IAF Advisors calculated a 191 Bcf pull, and ICAP Energy was expecting a withdrawal of 182 Bcf. A Reuters survey of 21 traders and analysts revealed a sample mean of -184 Bcf with a range of -172 to -191 Bcf.

Once the number was released February futures fell to a low of $2.085, and by 10:45 a.m. February was trading at $2.085, the low for the day and down 3.3 cents from Wednesday's settlement. Traders see important $2 support in sight, but "we are far enough from the $2 level at this time and I don't think we are in danger of seeing that," a New York floor trader told NGI.

The remainder of the petroleum complex, however, is highly bearish. "We've got seven months of the heating oil under $1. It's all very negative," he said.

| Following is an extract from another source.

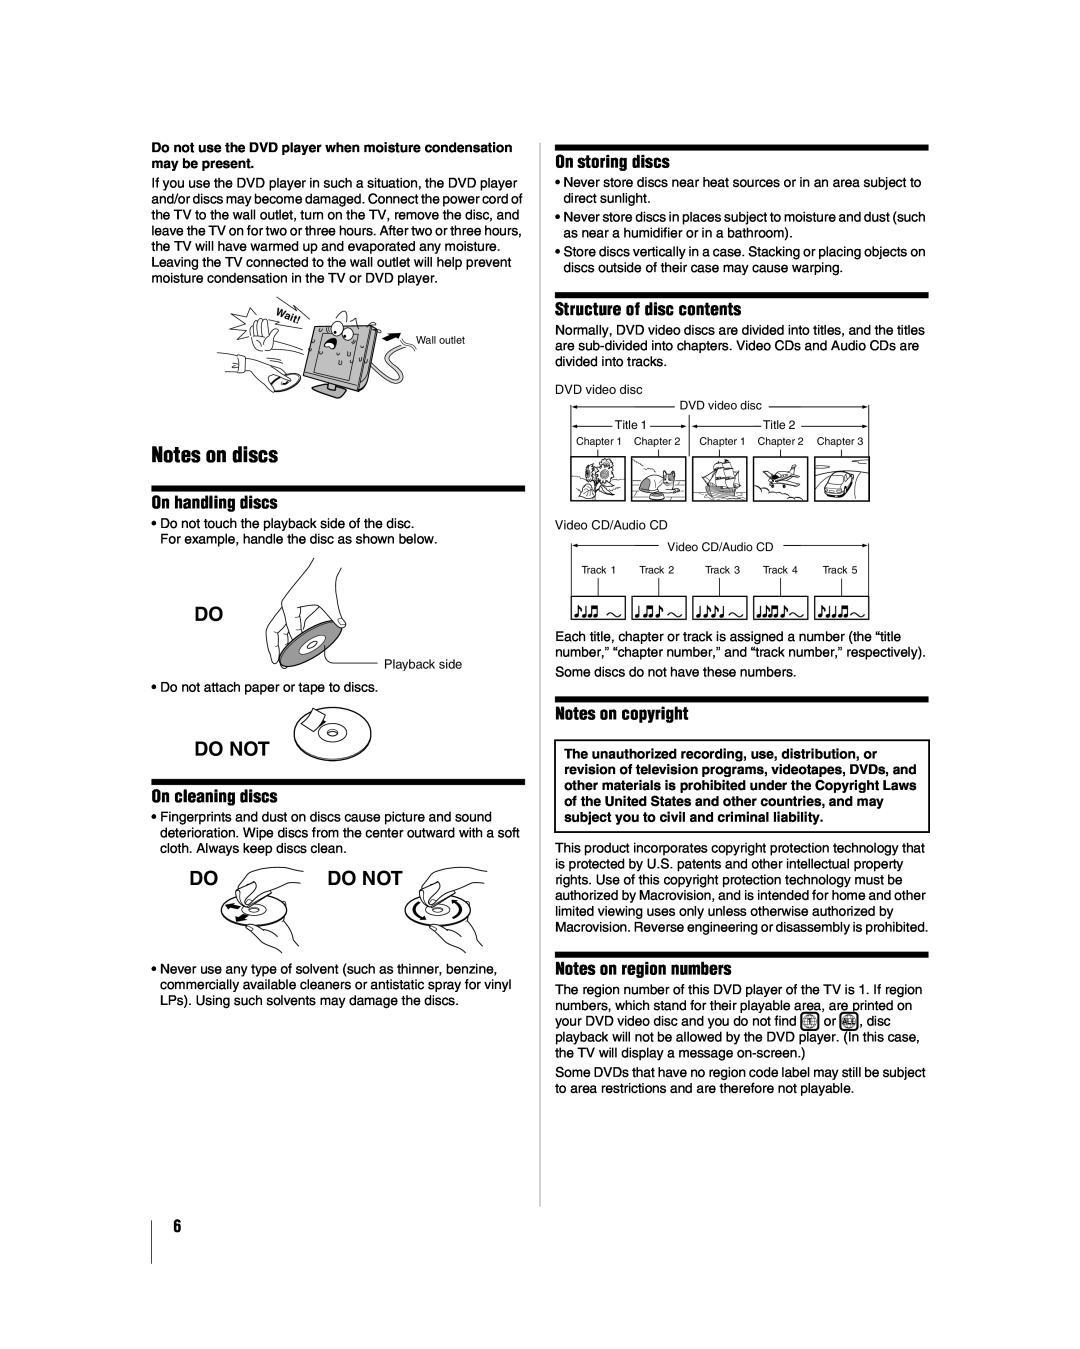 Toshiba 32LV37 Notes on discs, On handling discs, On cleaning discs, On storing discs, Structure of disc contents, Do Not

Longer term, analysts see expected seasonal warming taking hold of the market. "[T]he 178-Bcf net withdrawal was a match with the five-year average, and therefore neutral on a seasonally adjusted basis," said Tim Evans of Citi Futures Perspective. "But it was less than expected given the weather and so also suggests some weakening of the background supply/demand balance. We see some small chance for prices to rally on this week's cold and the larger net withdrawal it implies for the next round of numbers, but expect the market to remain more focused on the seasonal warming trend going into February."

Using the 5-region format inventories now stand at 3,297 Bcf and are 629 Bcf greater than last year and 473 Bcf more than the five-year average. In the East Region 44 Bcf was pulled, and the Midwest Region saw inventories fall by 63 Bcf. Stocks in the Mountain Region were down by 7 Bcf and the Pacific Region was lower by 14 Bcf. The South Central Region shed 50 Bcf.